I was initially going to ignore this, but realistically I believe I can give some insight to some practical results on a product I'm working on now. Specifically, I designed a system which regulates bias current in real time according to several parameters. Since bias is regulated, it can be held at a significantly higher level in an optimum zone for least crossover distortion, and by inference, listening quality.
I conducted listening tests where I didn't tell participants what was being changed or altered, but just asked them their impressions. Although I knew what was going on, realistically the way it was set up, there was no way for participants to know what, if anything (and in many instances I did nothing) was changing or what they were listening for. In all instances, I was far away from the amplifier and out of eyesight. The participants had no in depth knowledge of the R&D I was doing, what my specific goals were, and how I was doing it. The bias of the amplifier in question was varied to several levels, and the result was in 100% uniformity for the bias being at one particular setting. I had done no AP measurements beforehand; I was just pulling bias levels essentially out of the air. After these listening sessions, I had AP measurements taken of distortion at at various power levels from 20kHz down to 20Hz. The results were unambiguous; the preferred bias level was exactly in the "sweet" zone of minimum distortion across the audio band where distortion was minimized.
However this bias level was also far higher (like about 200% higher) than could practically be set in an 8 channel home theater amplifier using conventional methods of setting bias, i.e not strictly regulated under all operating conditions. This was overcome so optimum bias could be set, with no downsides.

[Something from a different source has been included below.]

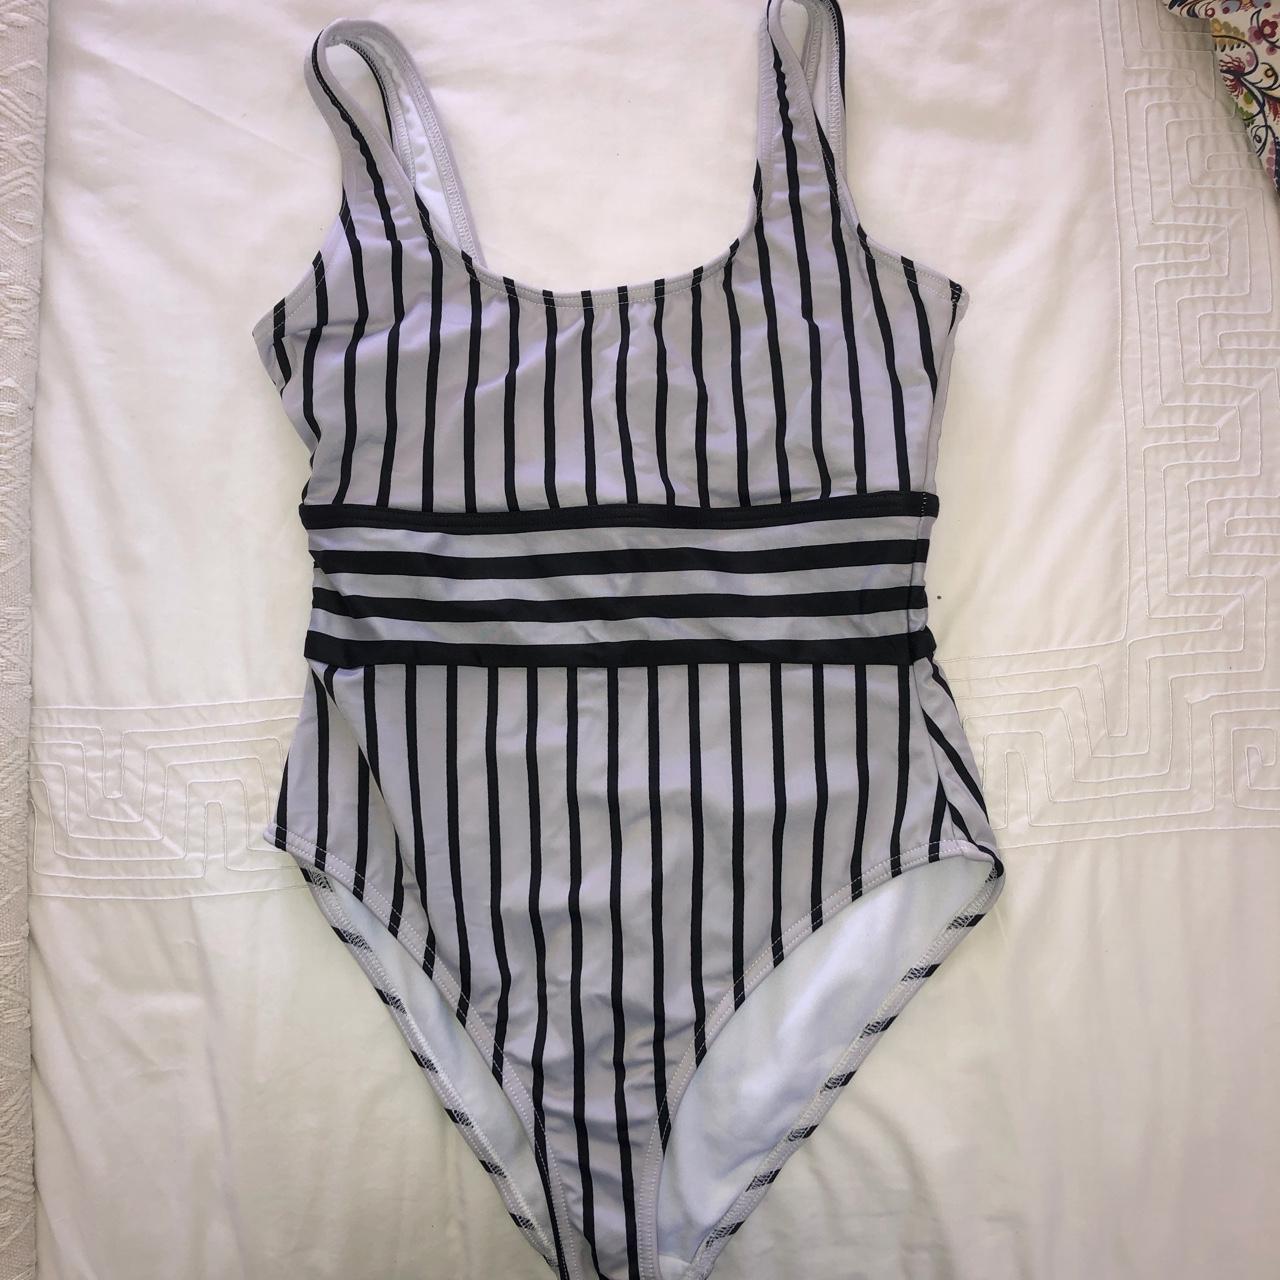 ASOS Women's Black and White Swimsuit-one-piece | Depop

Also, to your point, this was obvious in the subsequent AP measurements. I purposefully did the subjective tests first to eliminate as much as practical any confirmation bias I might have had other than what was my design goal for the system.
So yes, audible differences proved to be real, and yes they were measurable. However in this case I did things in reverse to both test my design and to eliminate as much as possible any validation bias that what I was doing was correct - or not.
To address your post more specifically, the answer is yes, I have heard differences in other amplifiers. It has been my general experience that although amplifiers might measure "the same" static distortion, spectral analysis of the "worse" sounding amplifiers reveals higher levels of upper harmonic distortion, where the "better" sounding ones have mostly lower order (and specifically even order) distortion products. So this seems to validate both measuring and listening, which is what I do.
What isn't revealed in any measurements are (as I have posted repeatedly before) non-fidelity issues like if the amplifier makes pops or other noises upon turn-on or turn off. Also in the system I'm working with now, since it is an innovative way of accomplishing bias control, does this result in any transient noises or other artifacts? Attempting to do this by sitting by a 'scope, hoping to "see" a transient event would be very inefficient, and would not subjectively tell me anything about what any such event actually sounded like; was it an oscillation, a pop, a hiss, a sliding tone or any other artifact? If any of these things were heard (they weren't), the nature of them would have given a clue of what to look for in subsequent troubleshooting.
Really, listening for abnormal behavior is a routine procedure in the development process even in more conventional amplifiers. This is not generally talked about because it isn't "sexy" or controversial, but is is a very large part of listening to new designs. Although I don't have any specific experience on this, I suspect that a lot of listening was carried out in the development of class "D" amplifier modules.